Saturday, January 16, 2010

Happy Birthday to me!

And so the story goes…

It was 25 years to the day I was born. By some stroke of luck, I had my birthday free from work for the first time in… forever… or since I started working… or maybe just since the last two years. The only downfall of this dream scenario was that in 2008 my birthday fell on a Wednesday. Hardly a day for others to come out and play. I had a single meeting tying me to the following day. With a day and half off it seemed to be the perfect opportunity to get the heck out of town for the night.

The plan: I’d head to Duluth for the night. Stop at some state parks along the drive. Stay in a kickass hotel. And I’d go it alone.

I went through the proper protocols. Single living always makes me feel like I should tell another human being when I am venturing out alone. I call ma. I don’t really know what my Wisconsin mother could really do, but somehow I know that it’s the kind of information that Mother’s are privy to.
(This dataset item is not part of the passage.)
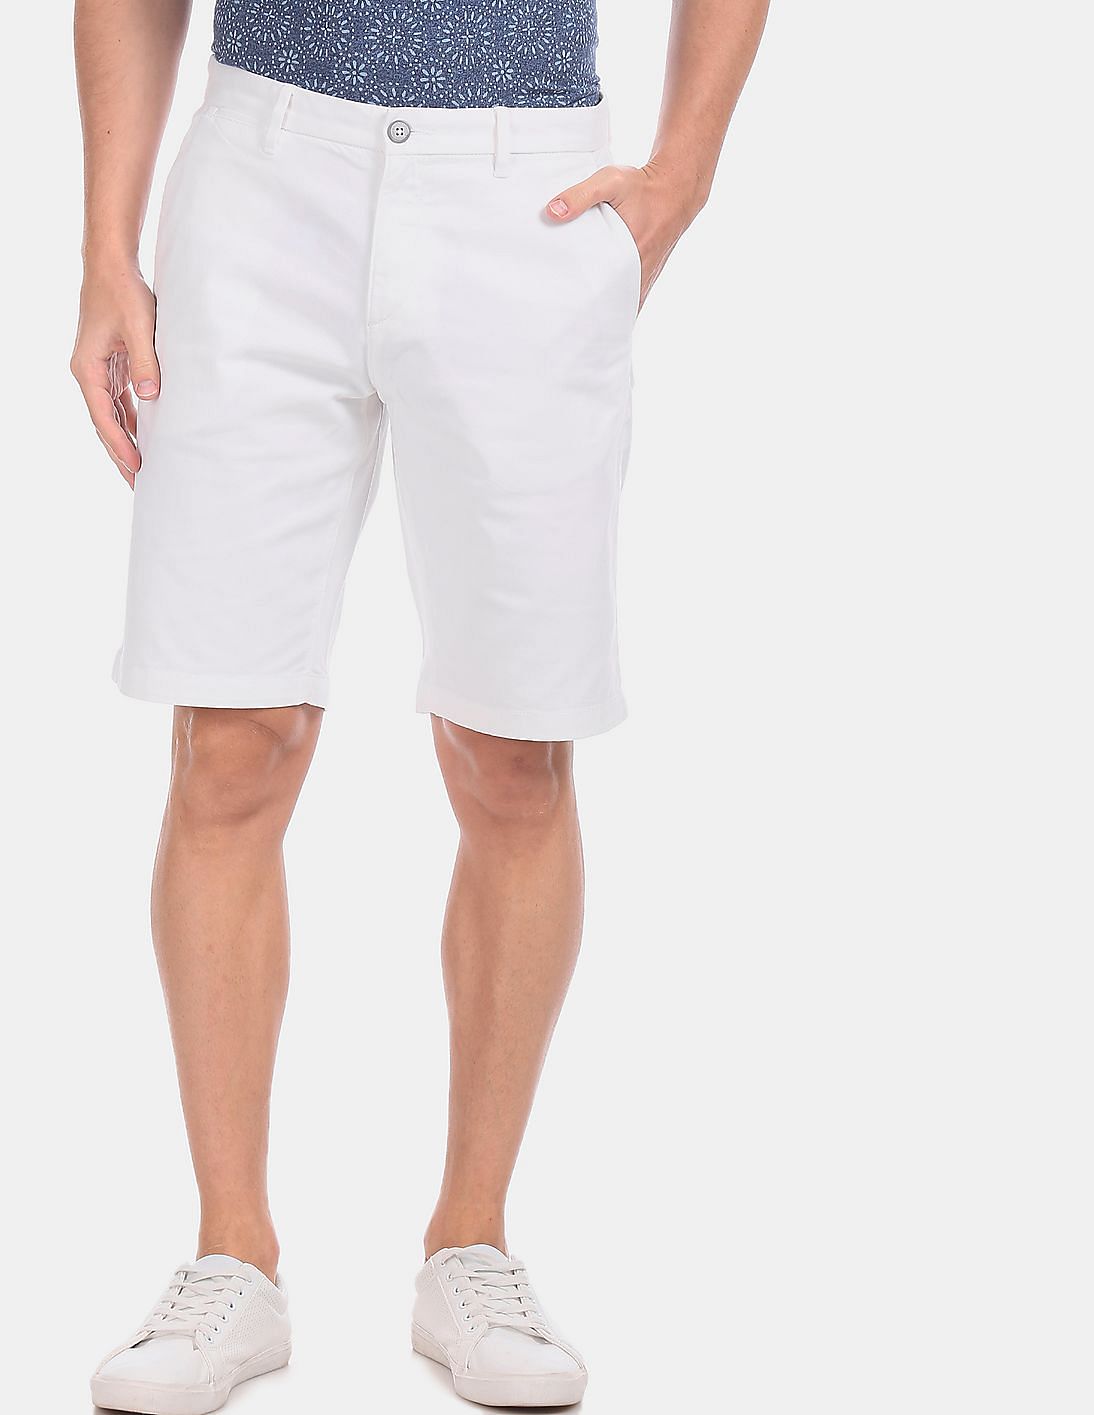 Buy U.S. Polo Assn. Men White Solid Cotton Stretch Shorts - NNNOW.com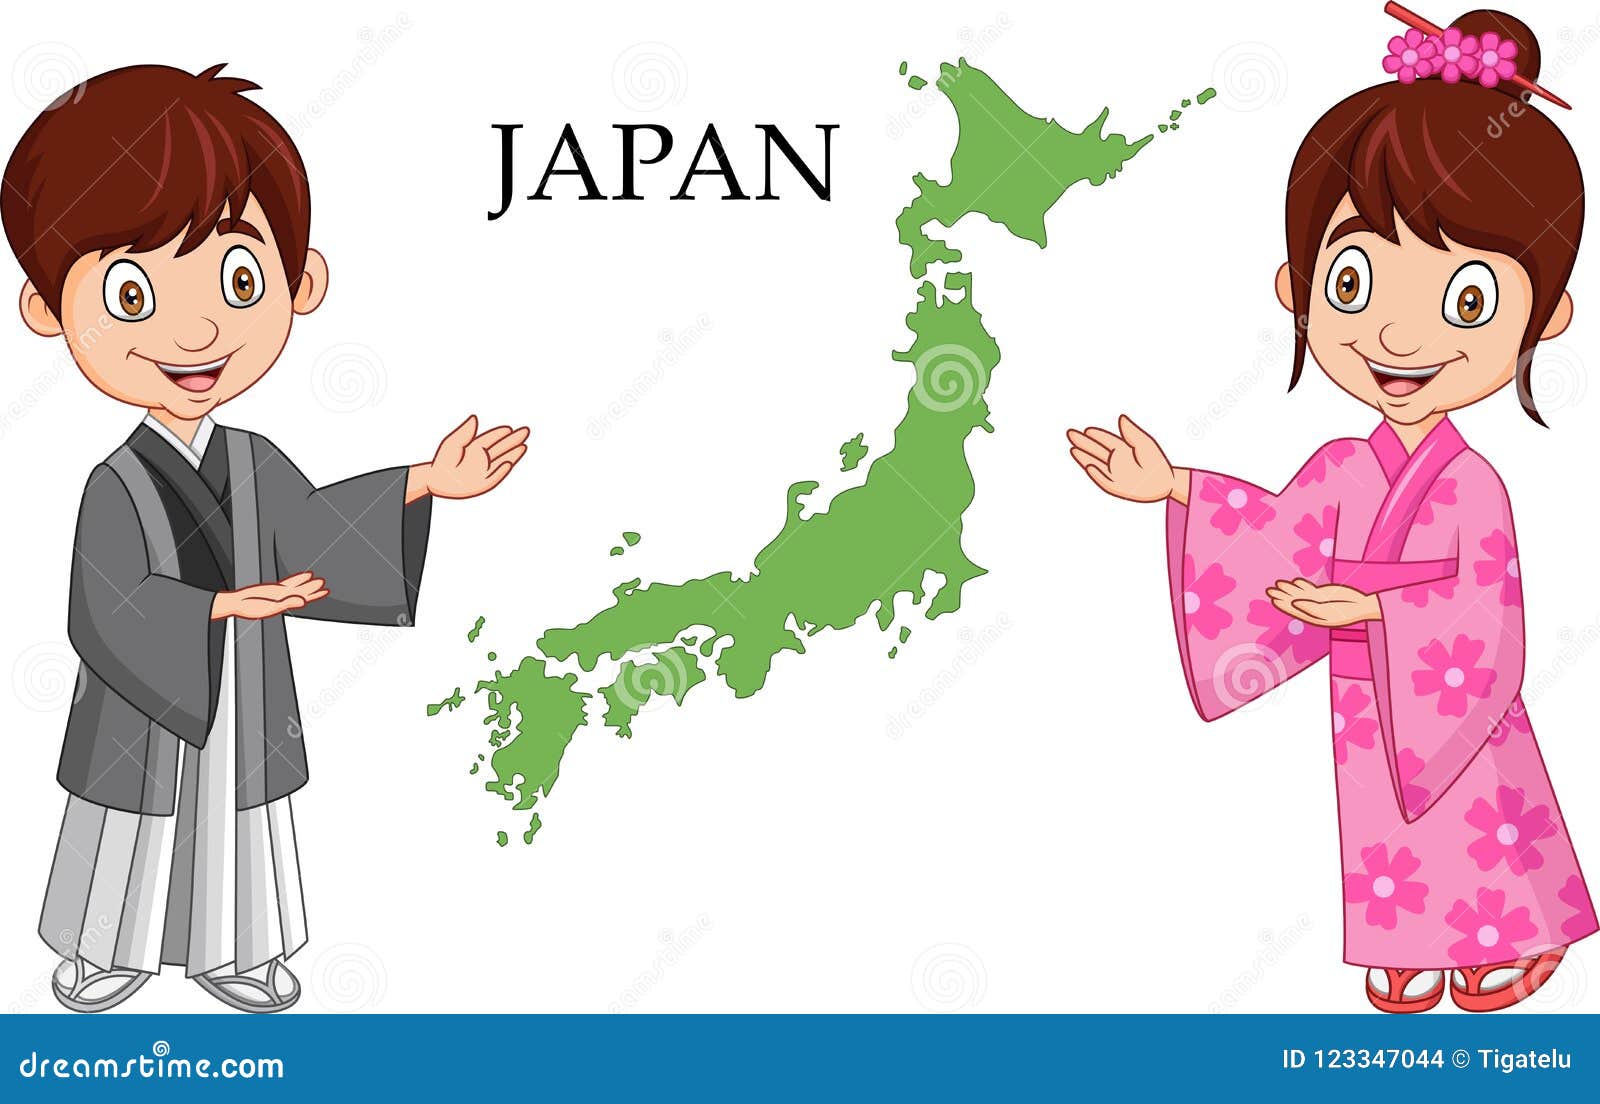 Cartoon Japanese Couple Wearing Traditional Costume Stock

I tell her my birthday plans. Mom’s DANGER-DANGER-dar beeped into life immediately. “Mary, you know it’s bow hunting season,” she warns. “Actually ma, it’s gun hunting season here.” Then I added, perhaps stupidly, “And they just lowered the killing age to ten.” I probably should have kept that one to myself. The frantic beeping was drowning out my own thinking.

Now, Mom is nervous, which makes me consider the threat. I know hunting isn’t permitted on state ground, but I also know that bullets don't just stop cold at territorial borders.

My second attempt at explaining my birthday plans fell to the ears of the stage hands at work. The same grizzly men that are overly protective of me. They’ve done their share of hunting and have their number of stories. After some pushing back and forth, I end up promising I will wear blaze orange.

Really?

Blaze orange isn’t a flattering color. I don’t have any blaze orange in my wardrobe. But I know where I can find some...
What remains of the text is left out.